If the original rectangle has length l and width w, the perimeter is 2(l + w). Doubling gives new dimensions 2l and 2w, so the new perimeter is 2(2l + 2w) = 2 × 2(l + w) — exactly double the original. For example, a 5 × 3 rectangle has perimeter 16 cm; a 10 × 6 rectangle has perimeter 32 cm = 2 × 16.

Students who confuse perimeter with area often fall for the “doubling sides quadruples everything” misconception. Doubling sides does quadruple the area (from lw to 4lw), but perimeter is a linear measure, so it only doubles. This is a powerful way to test whether students understand the difference between one-dimensional and two-dimensional scaling.

The student has made the “adding length + width only” misconception error — they found half the perimeter instead of the full perimeter. A rectangle has four sides: two lengths and two widths. The student only counted one of each.

The correct calculation is perimeter = 2 × (9 + 4) = 2 × 13 = 26 cm (or equivalently: 9 + 4 + 9 + 4 = 26 cm). This error often arises when students learn “add the length and width” and forget the crucial “then double” step.

The answer happens to be correct — the perimeter of a 6 cm × 3 cm rectangle is indeed 2 × (6 + 3) = 18 cm. But the student used multiplication (the area formula) instead of the perimeter formula. They got lucky because 6 × 3 happens to equal 2 × (6 + 3) for this specific rectangle.

This is the “perimeter means multiply” misconception that coincidentally produces the correct answer here. If the dimensions were 8 cm × 3 cm, the student would get 24 instead of the correct 22 — the method fails for almost every other rectangle. The correct answer doesn’t validate the faulty reasoning.

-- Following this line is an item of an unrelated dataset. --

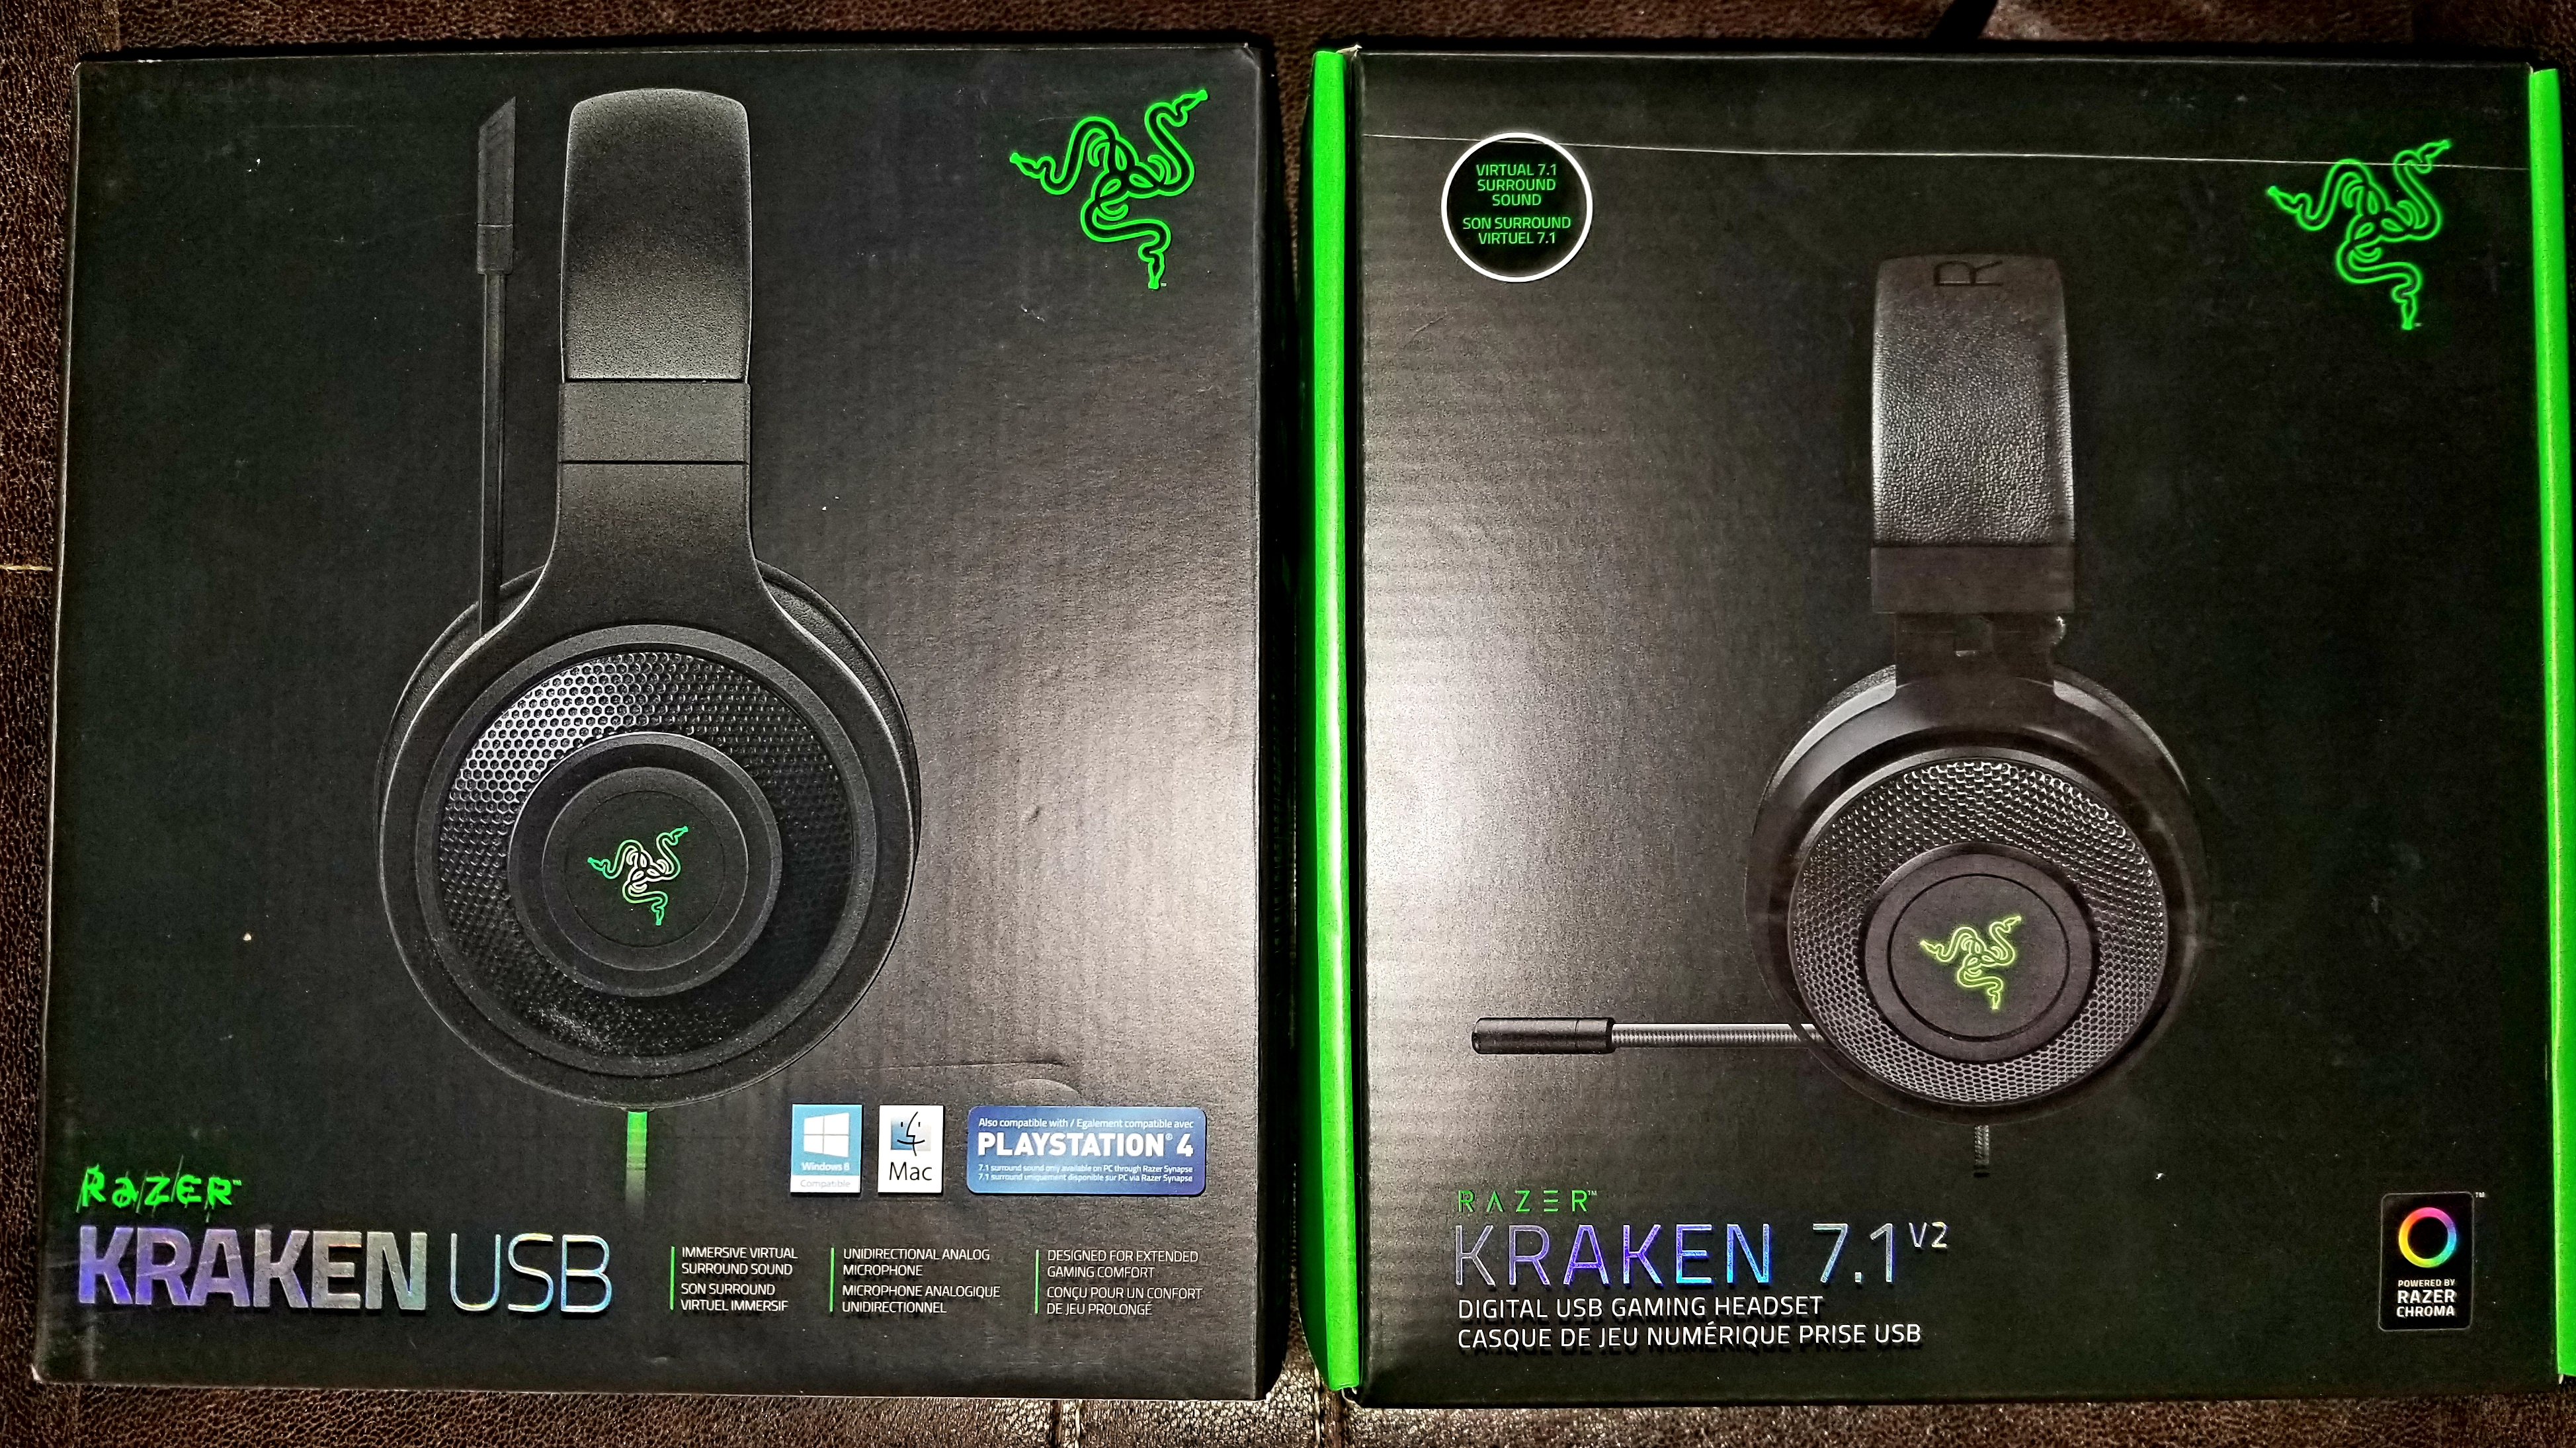 Razer Kraken USB vs. Razer Kraken 7.1 v2 Gaming Headsets

The student has made the “only add the labelled numbers” misconception error. The L-shape has six sides, but only four measurements were given on the diagram. The right side of the shape measures 8 − 3 = 5 cm, and the top of the shape measures 10 − 4 = 6 cm. The student needed to calculate these missing sides before adding.

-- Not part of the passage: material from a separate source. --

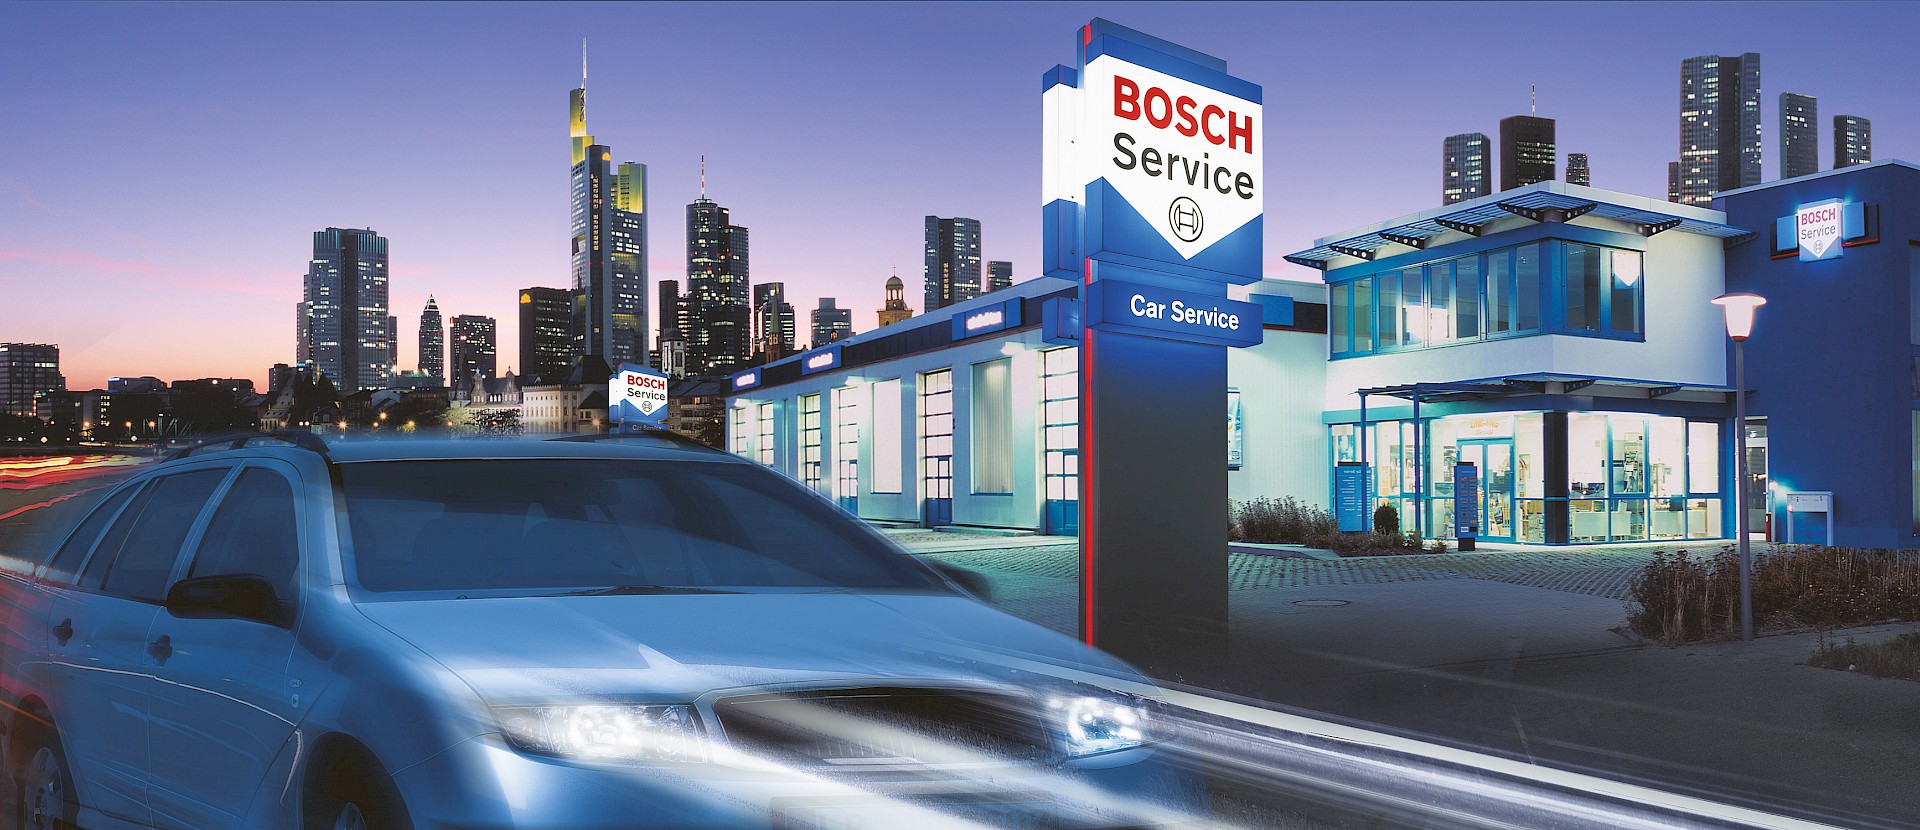 Bosch Car Service Johnson, Datenschutz

The correct perimeter is 10 + 5 + 4 + 3 + 6 + 8 = 36 cm. Interestingly, this equals the perimeter of the full 10 × 8 rectangle (2 × (10 + 8) = 36 cm), because the removed corner swaps equal lengths of edge — but students shouldn’t rely on this shortcut until they understand why it works.

The student has applied the “perimeter = 4 × side” misconception — using the square/rectangle formula for a shape that isn’t a quadrilateral. A regular hexagon has 6 equal sides, not 4. The correct perimeter is 6 × 4 = 24 cm.

This error comes from over-generalising the formula for a square (perimeter = 4 × side) to all shapes. For any regular polygon, perimeter = number of sides × side length. Students need to identify how many sides the shape has before choosing a formula.

The student has made the “ignoring mixed units” misconception. They added cm and mm together directly without converting.

Before any calculations can happen, the units must be matched. 20 mm is equal to 2 cm. Using the correct matching units, the calculation is perimeter = 2 × (5 + 2) = 14 cm (or alternatively, 140 mm).